Universal AudioのUAFXシリーズに新たに加わった「Lion ’68 Super Lead Amp」。伝説のマーシャルPlexiサウンドを一台のペダルに詰め込んだこのモデルは、果たして本物のマーシャルの代わりになり得るのか?
チューブアンプ気質の筆者が、実際の音・操作感・使い勝手をじっくりと確かめながら、その可能性と魅力を徹底検証してみました。スタジオ、自宅、ライブハウスで使用した体験に基づいてお届けします。

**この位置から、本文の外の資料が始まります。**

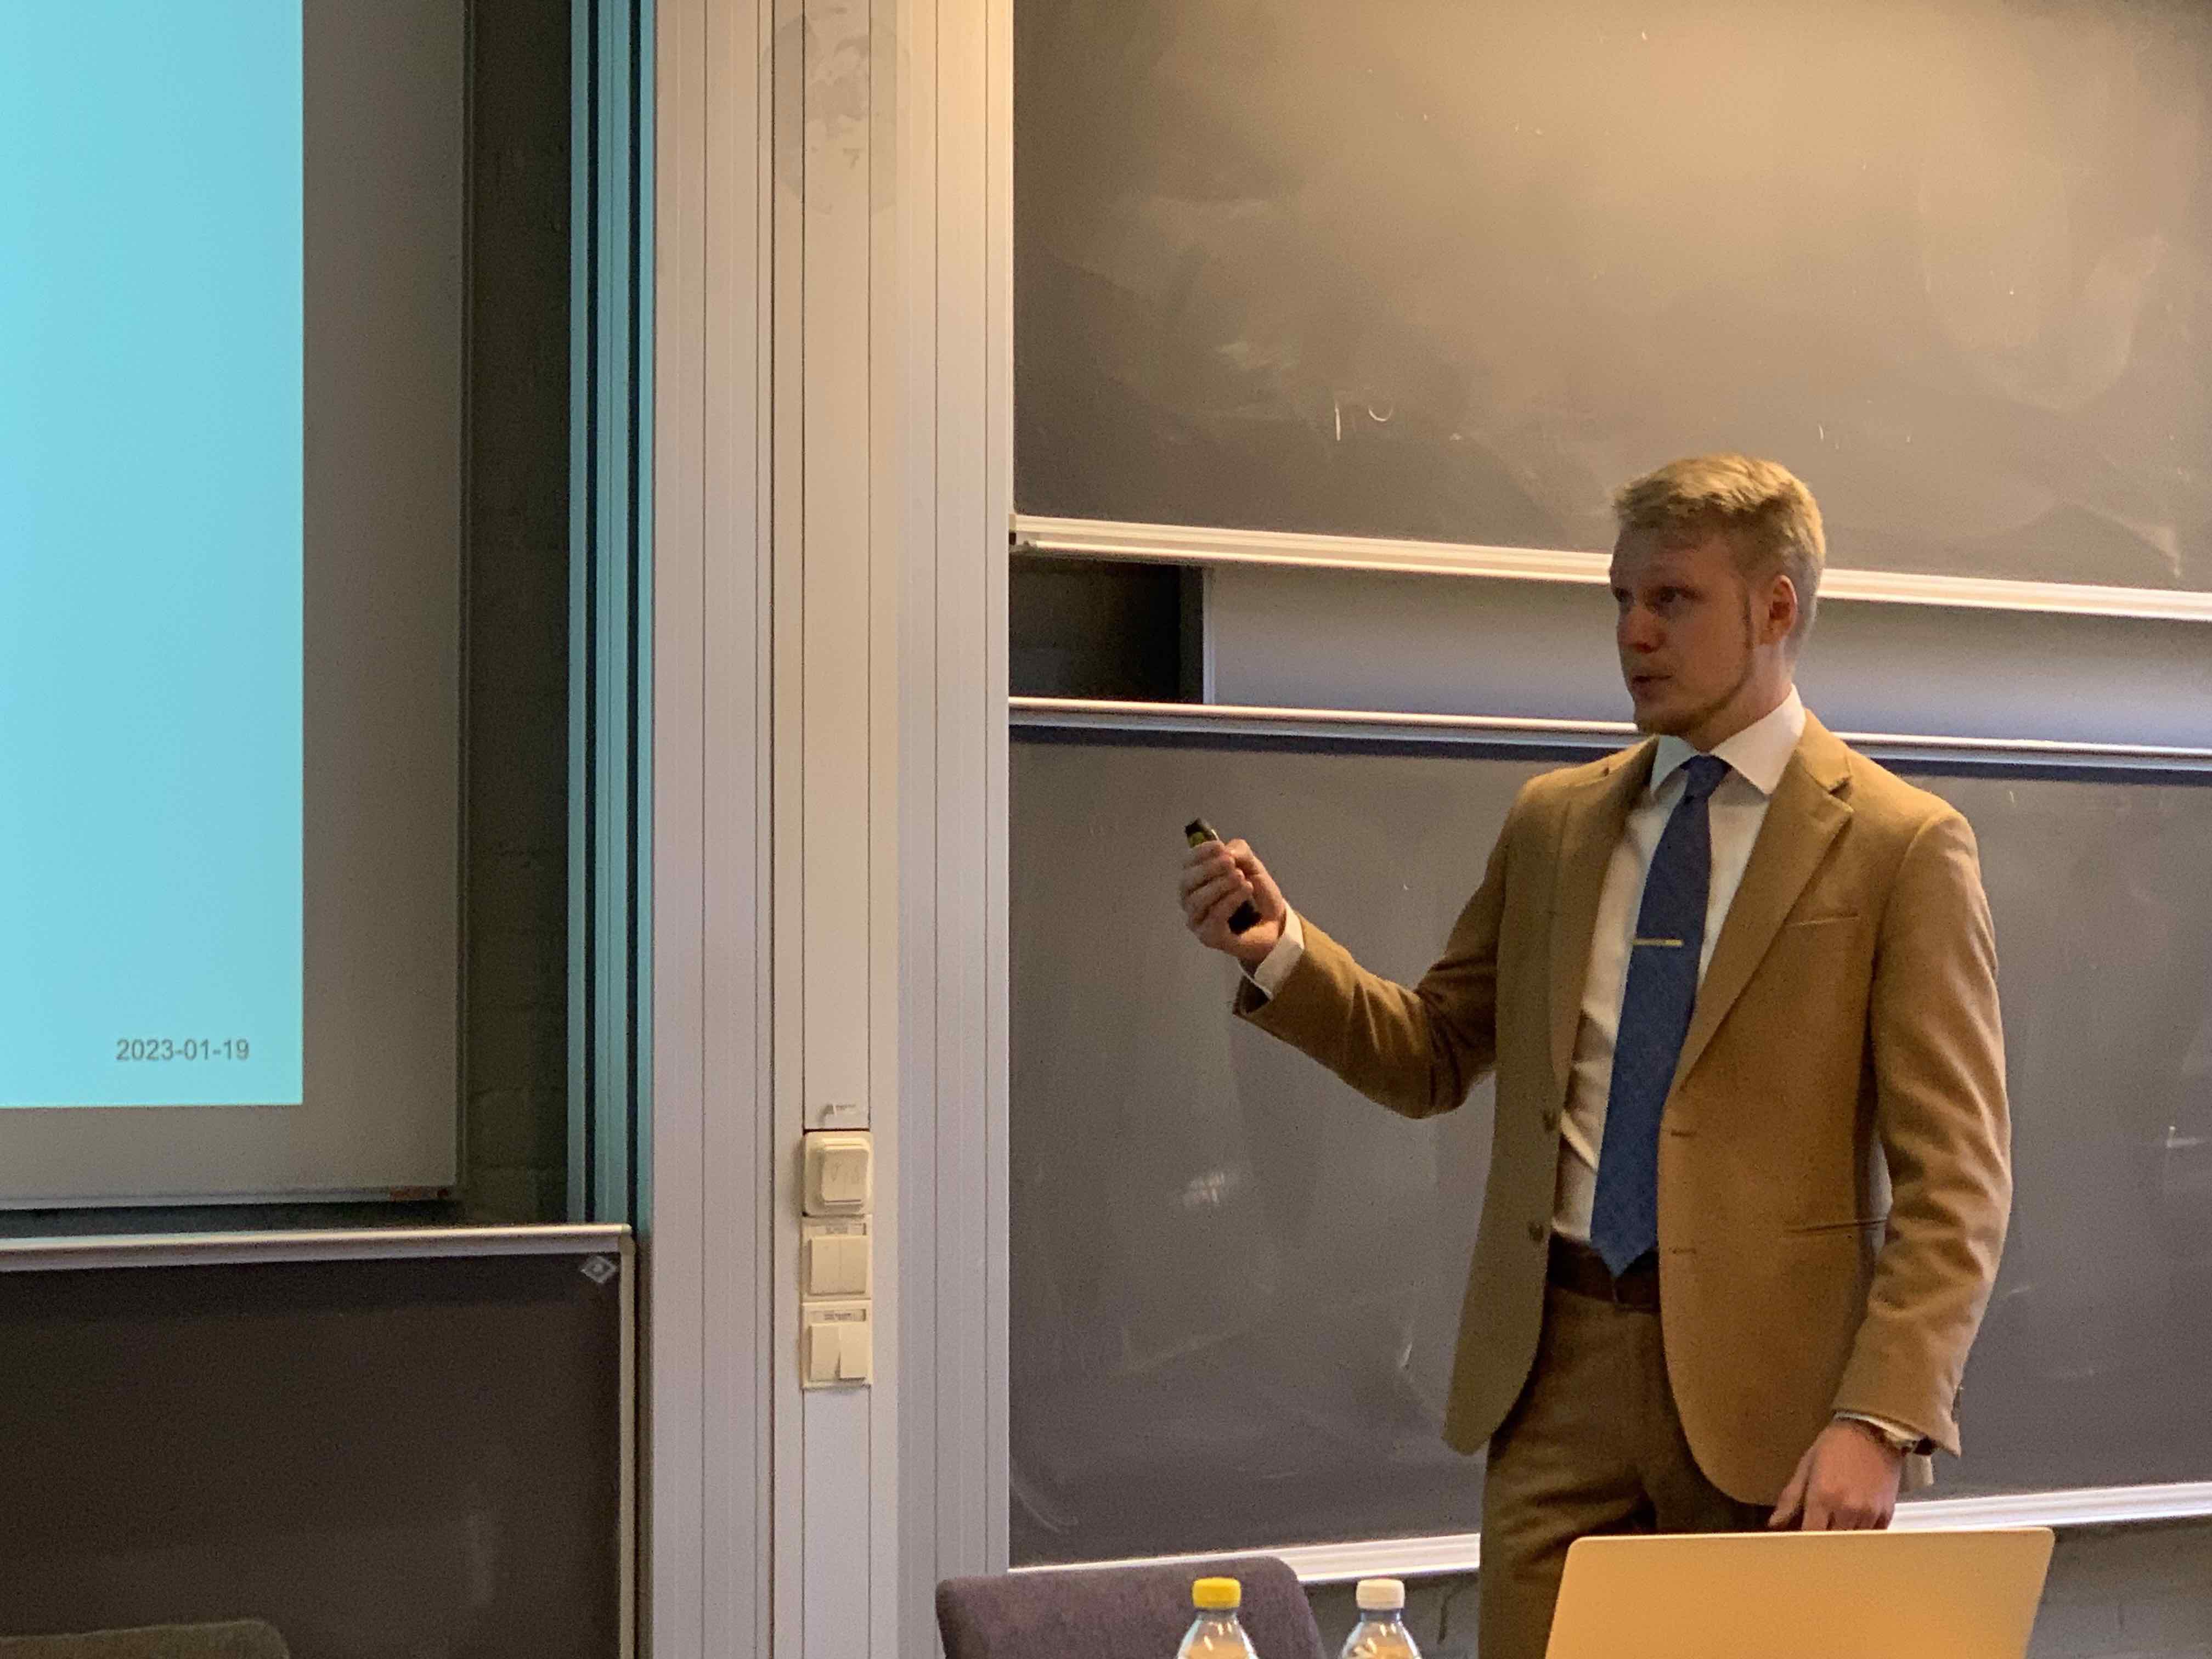 Fredrik during his PhD thesis presentation

Lion ’68 Super Lead Amp:特徴「Plexiの魂を詰めたアンプ・イン・ア・ボックス」

出典:hookup.co.jp
UAFX Lion ’68は、1968年製のMarshall Super Lead、Super Bass、そして「Brown Sound」系の3つのアンプモードを搭載した本格派アンプモデリングペダルです。Universal Audioが誇る高精度なモデリング技術によって、あの伝説的なPlexiトーンを極限まで忠実に再現。クラシックロック、ハードロック、そしてモダンロックまで、多くのギタリストにとって理想的なトーンがこの一台に凝縮されています。
外観はUAFXシリーズに共通するクラシカルかつ高級感のある仕上がり。Volume 1 & 2の独立したゲインコントロールをはじめ、3バンドEQ(Bass, Mid, Treble)、Presence、ルーム感を加えるRoomノブ、さらにヴィンテージEPブーストを再現したBoostノブも搭載。これらのコントロールにより、直感的かつ緻密な音作りが可能です。実際、手元でパッと音を整えられる操作性は、スタジオ作業の中でも重宝しました。

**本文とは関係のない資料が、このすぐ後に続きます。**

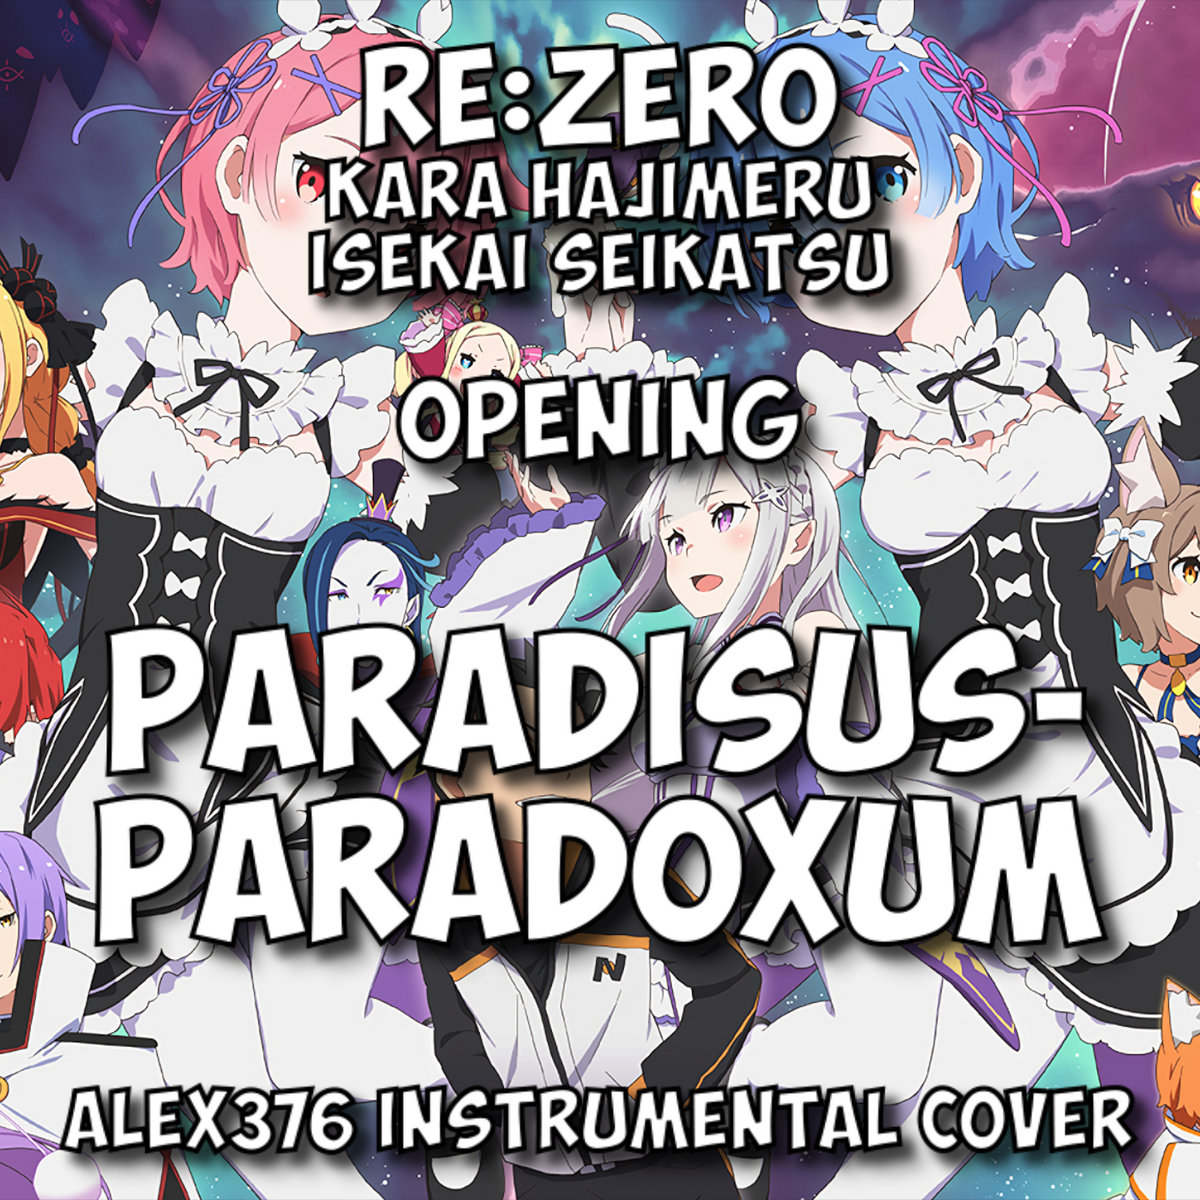 Re Zero Op2 Paradisus Paradoxum Alex376 Instrumental Cover Alex376

さらに、6種類のキャビネット・シミュレーションを標準搭載。Basket Weave 4×12やGreenback 25/30など、有名なキャビをリアルに再現し、マイクやルームのキャラクターも細かくシミュレート。アプリ連携による拡張性も高く、ノイズゲートや4ケーブルモード設定なども簡単に操作できます。自宅で鳴らすときはRoomノブの効果が絶妙で、“部屋鳴り感”が自然に足され、録音にもそのまま使えるクオリティです。

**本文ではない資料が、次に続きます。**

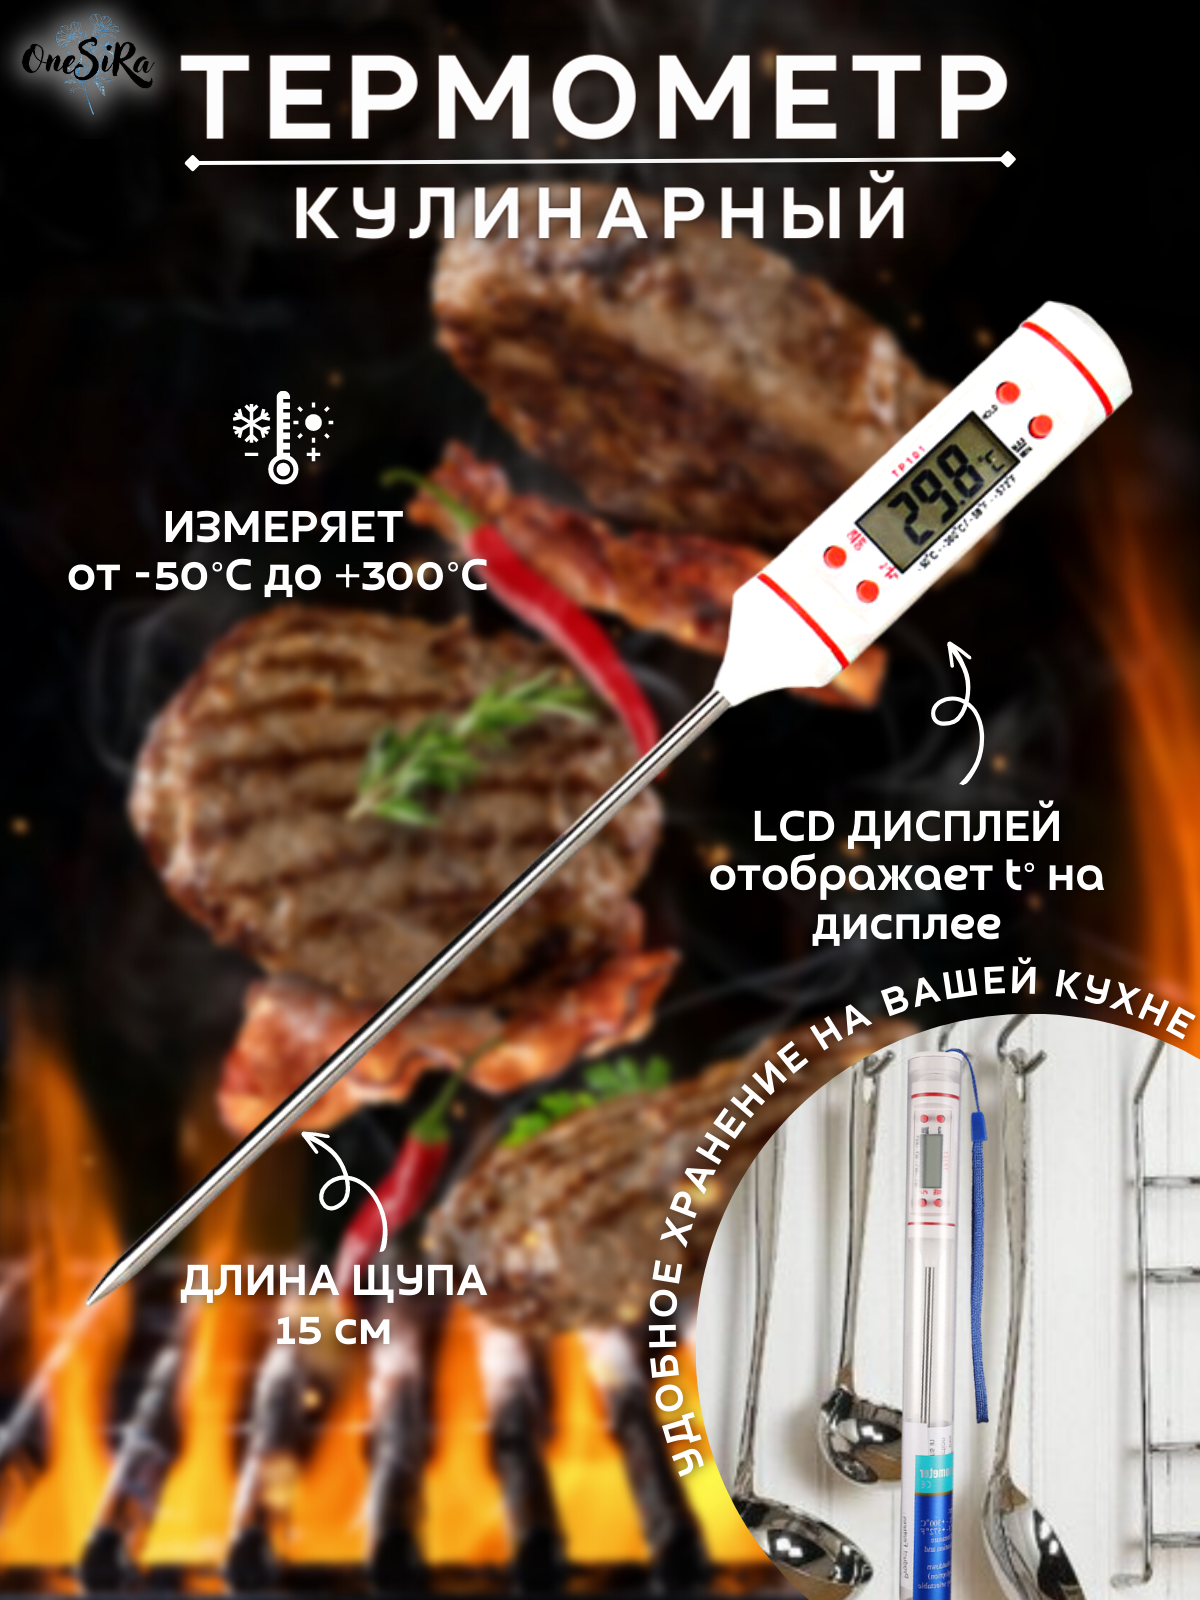 OneSiRa / Термощуп кухонный термометр электронный кулинарный с щупом белый

Lion ’68 Super Lead Amp:実機レビュー「Marshall本家との比較と驚きの完成度」

出典:hookup.co.jp
Marshall 1987x(50W Plexi)を基準に、Lion ’68のサウンドとレスポンスを徹底的に比較してみました。その結果、Lion ’68が持つ完成度の高さに驚かされることとなりました。
音の密度と反応のリアルさ
まず、音の密度とサステインの質感が非常に近く、空気の振動を感じるような“押し出し感”があります。ピッキングへの反応も素晴らしく、速いフレーズでは瞬時にニュアンスを拾い、ゆったりしたアルペジオでは丁寧に響きを再現してくれます。さらに、ギターのボリューム操作による微細な変化にも敏感に反応し、アンプ本体を操作しているかのような自然さがあります。
「Brown」モードの圧倒的な歪み再現力
特に感動したのは「Brown」モード。ゲインを上げていくと、エディ・ヴァン・ヘイレンばりの粘りと暴れが出てきて、まさに“あのサウンド”を彷彿とさせます。逆にボリュームを絞れば、軽やかなクランチに早変わりし、これだけでも1本のアンプとして成立する多彩さを感じました。このダイナミクスの幅広さこそ、Lion ’68のモデリング精度の高さを物語っています。
IRオフ時の“芯の太さ”とEQの質感
また、キャビネットIRをオフにし、自前のIRローダーを使用した際も、音の芯の太さや存在感は一切失われませんでした。EQの効き方はMarshallらしく中域がしっかりと主張し、適度なピーク感とレンジの広さを兼ね備えた調整が可能です。操作していて“あの音”に近づけるのが楽しくなるような、まさにギタリストの耳に寄り添った設計です。
ゴーストノート機能の臨場感
最後に特筆すべきは、「ゴーストノート再現機能」。これは実機アンプのトランスの共振によって生じるわずかな倍音や揺らぎをシミュレートする機能で、単なる音質再現を超えて“体感”の領域に踏み込んでいます。実際に大音量で鳴らした時にしか感じられなかった“あの振動と空気のざわめき”が、ヘッドホン環境でもしっかりと伝わってくるのには驚きました。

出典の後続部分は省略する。